**ABOUT THIS EXERCISE**.
Any picture in the material should be left out, while all other lines are copied exactly.

**COLLECTED DATA**.
========================================================================
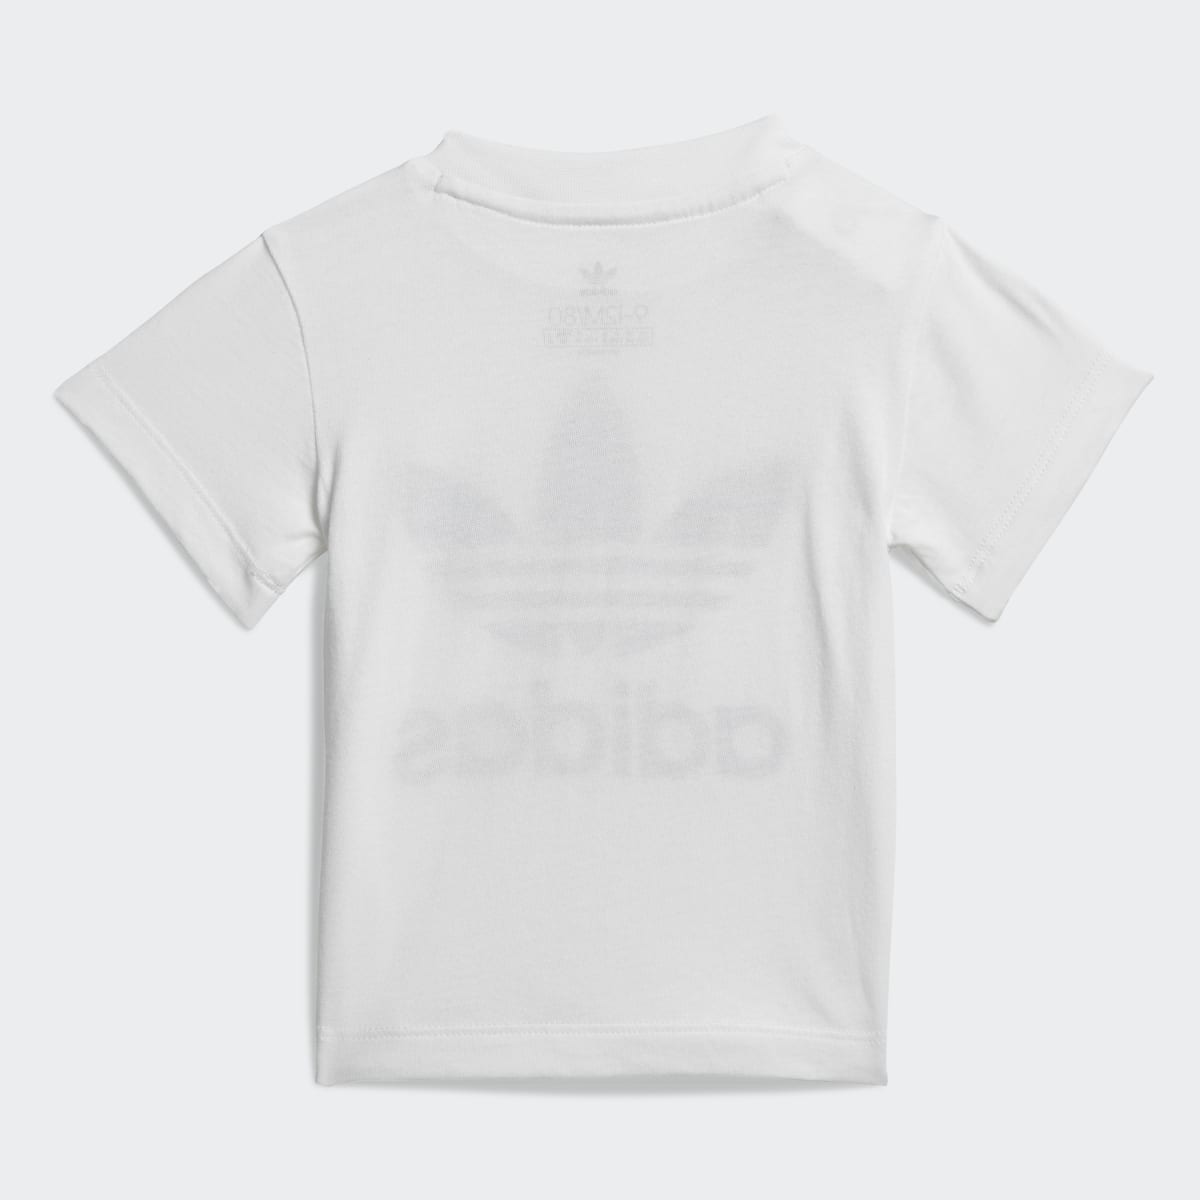 Adidas Trefoil Şort ve Tişört Takımı. 4
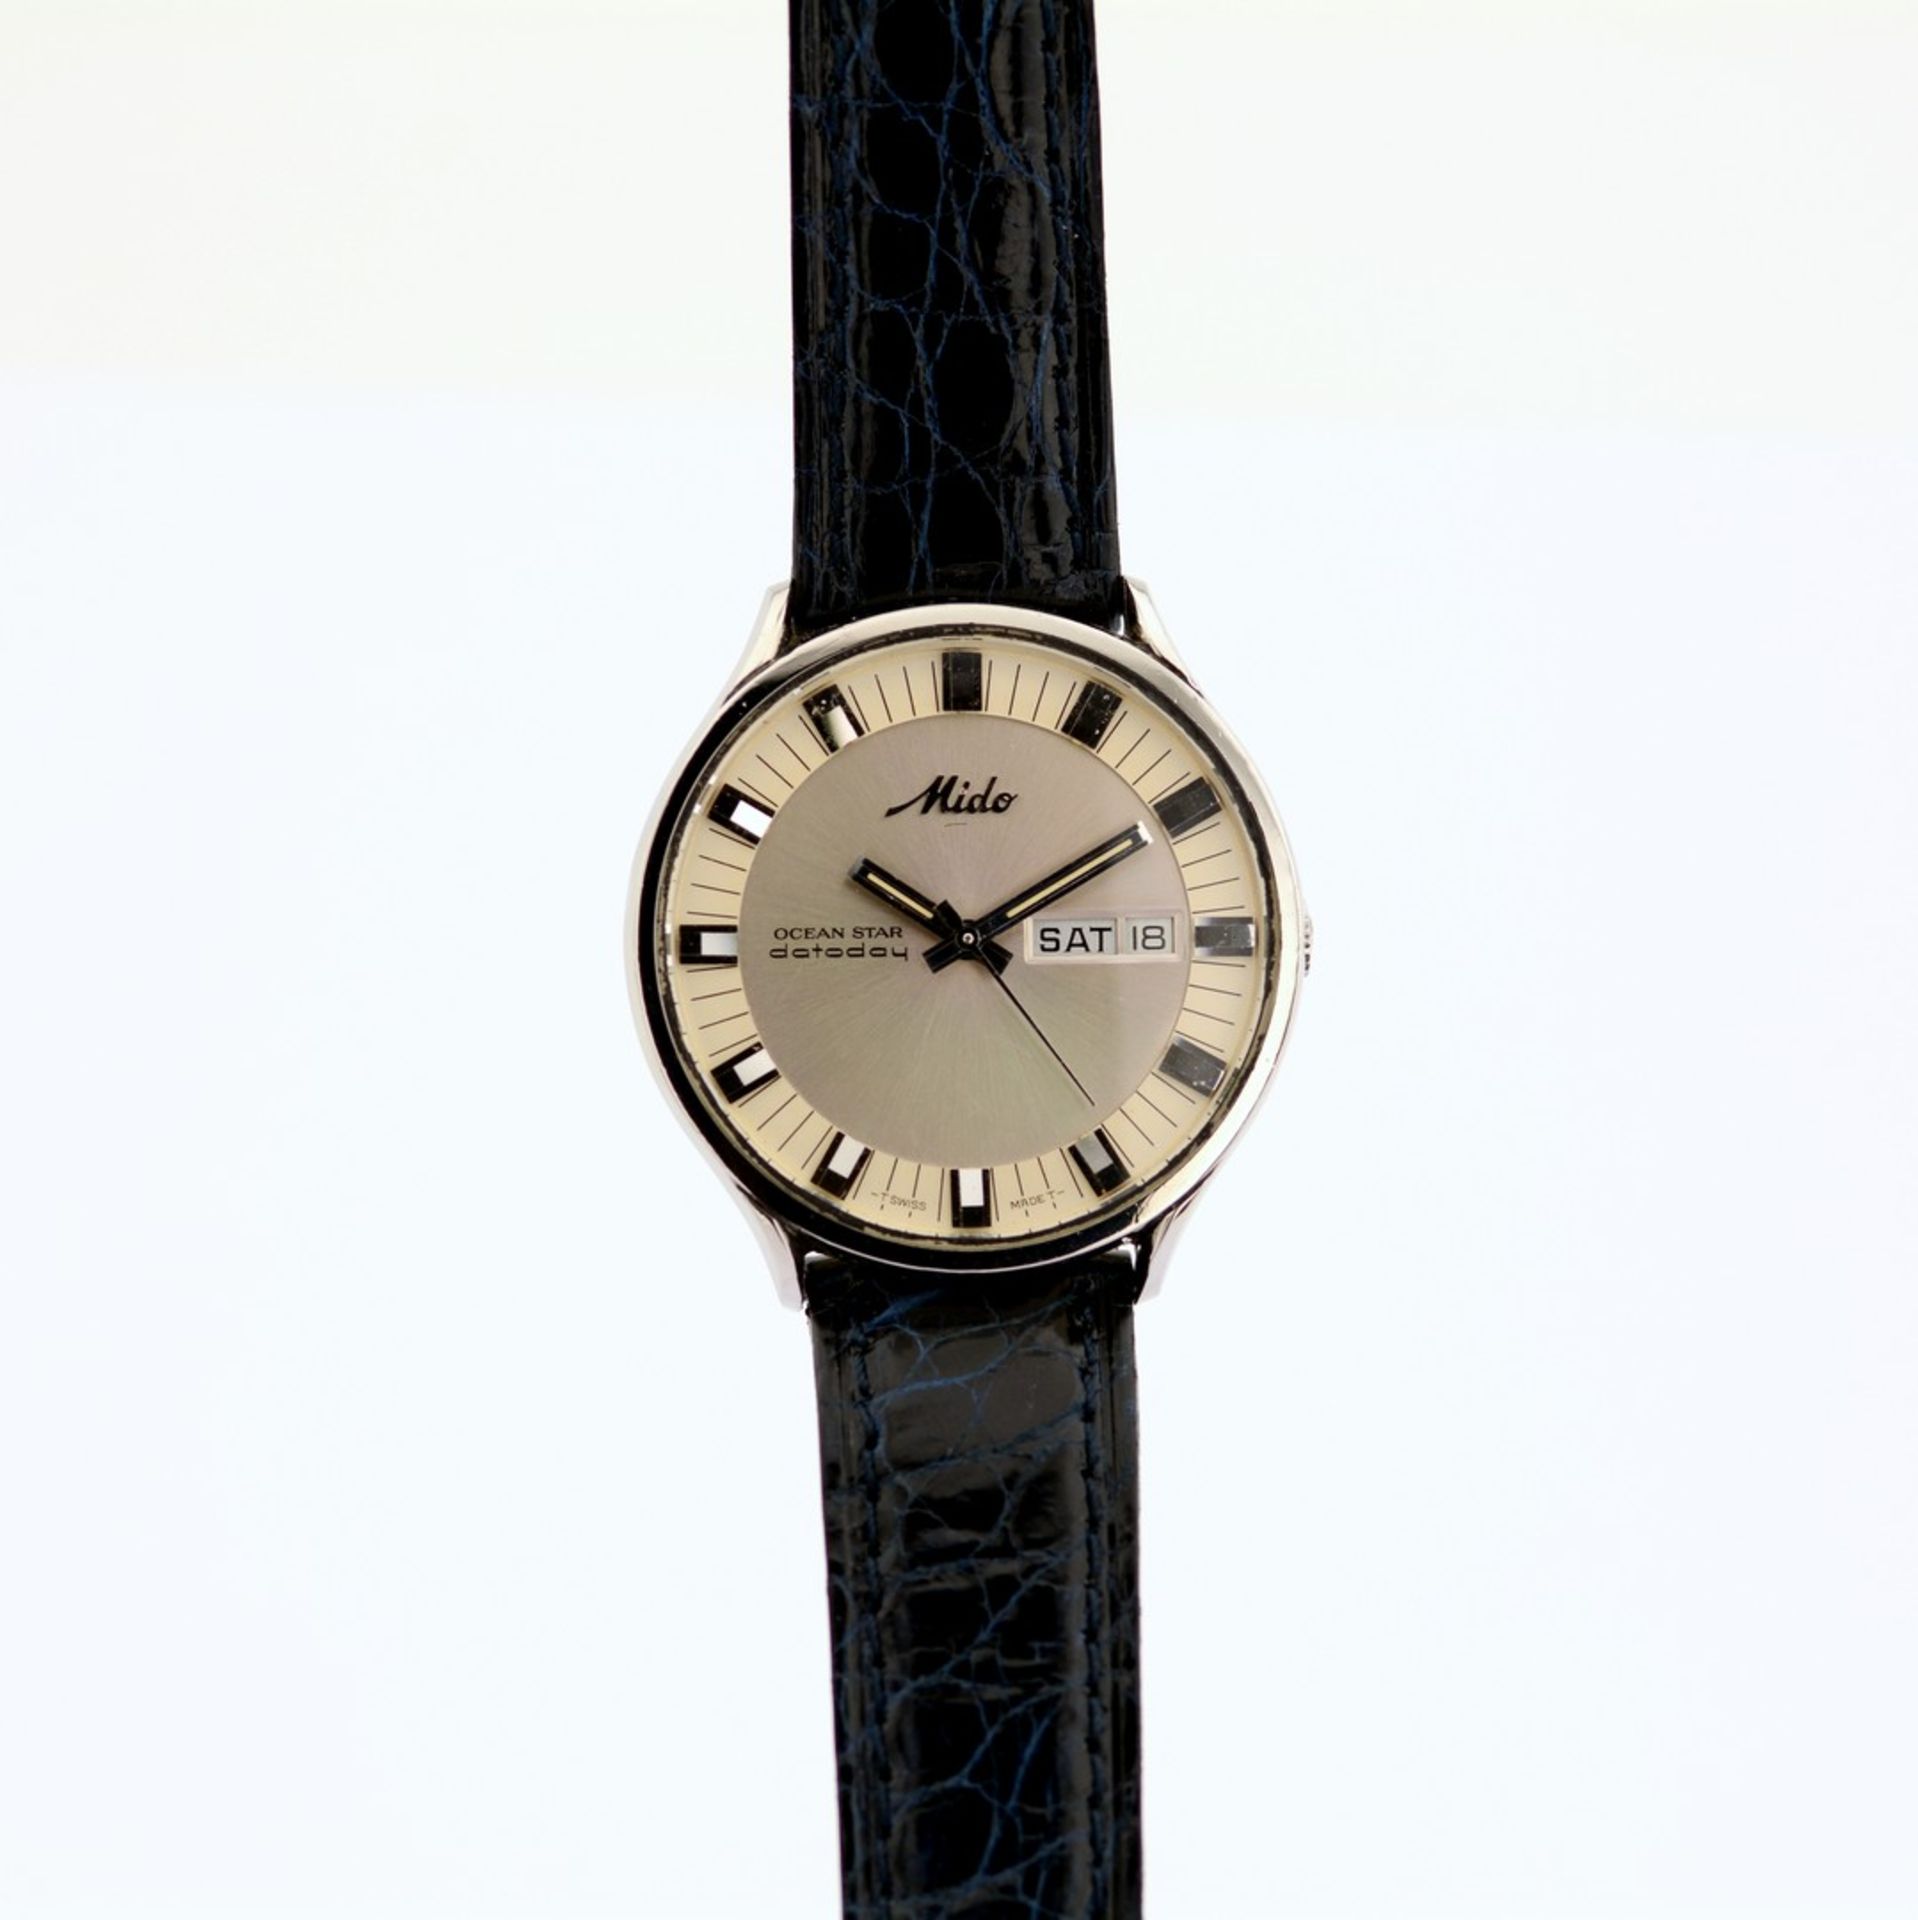 Mido / Ocean Star - Datoday - Day/Date - Gentlemen's Steel Wristwatch - Image 3 of 7
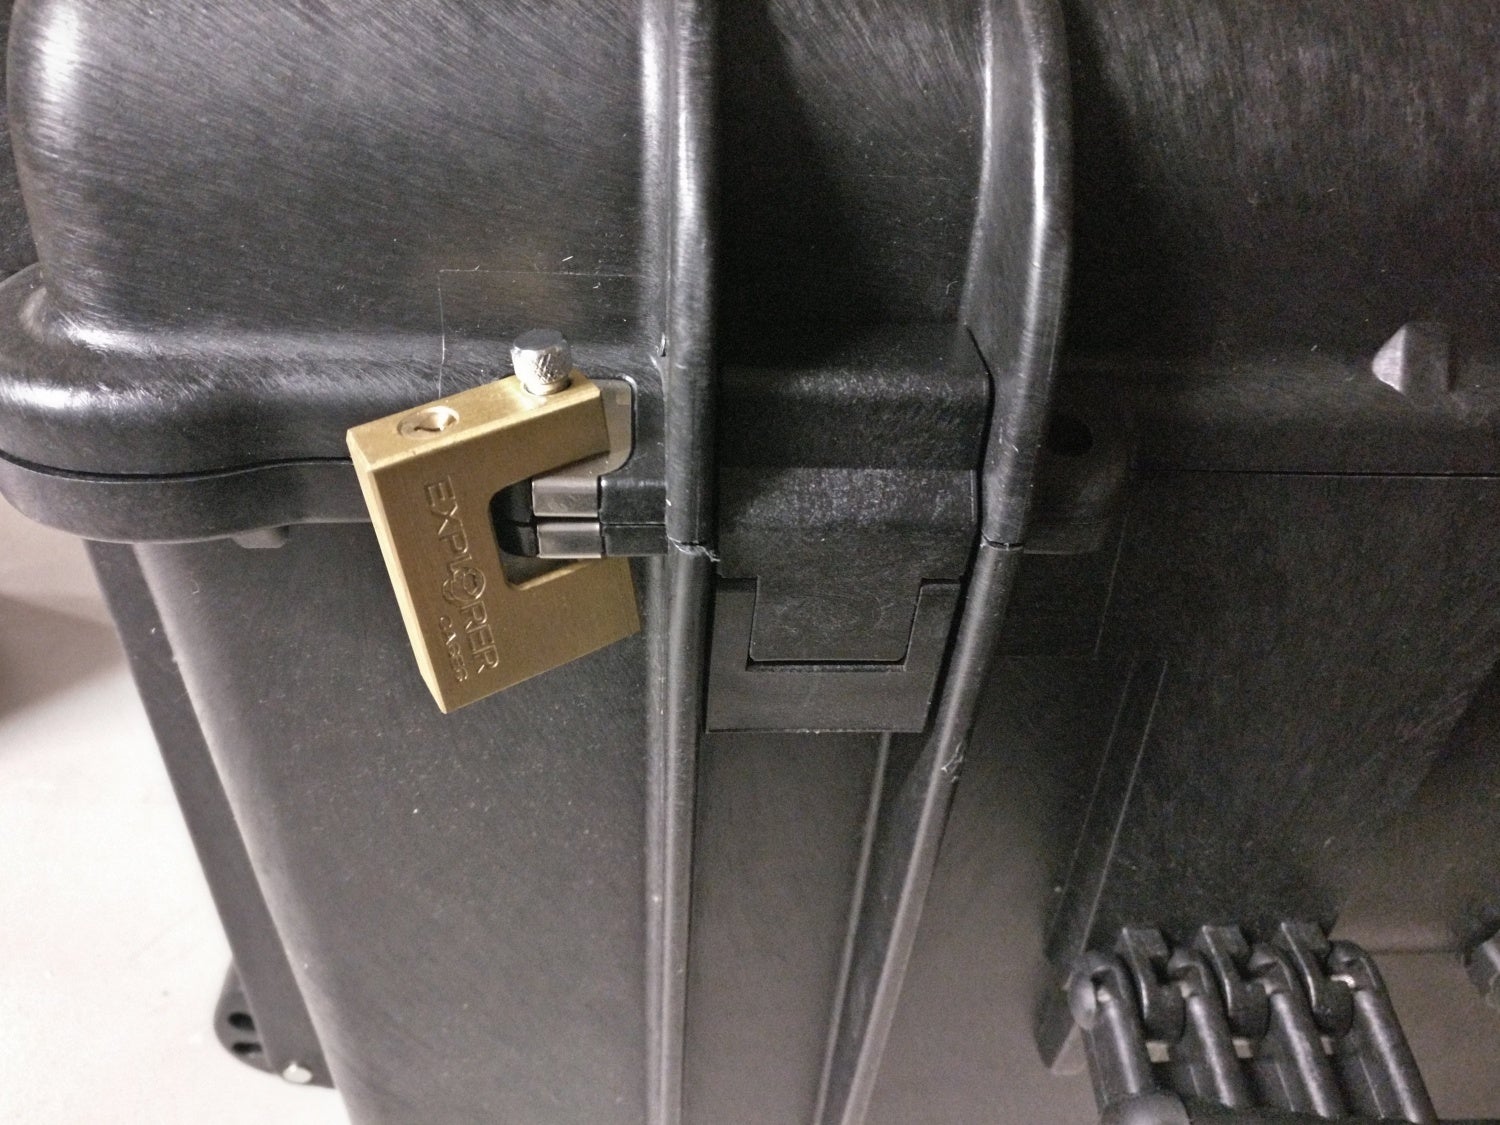 Brass keyed padlock affixed to metal hasp
========================================================================
**SOLUTION TO THE EXERCISE**.
 Adidas Trefoil Şort ve Tişört Takımı. 4
 Mido / Ocean Star - Datoday - Day/Date - Gentlemen's Steel Wristwatch - Image 3 of 7
 Brass keyed padlock affixed to metal hasp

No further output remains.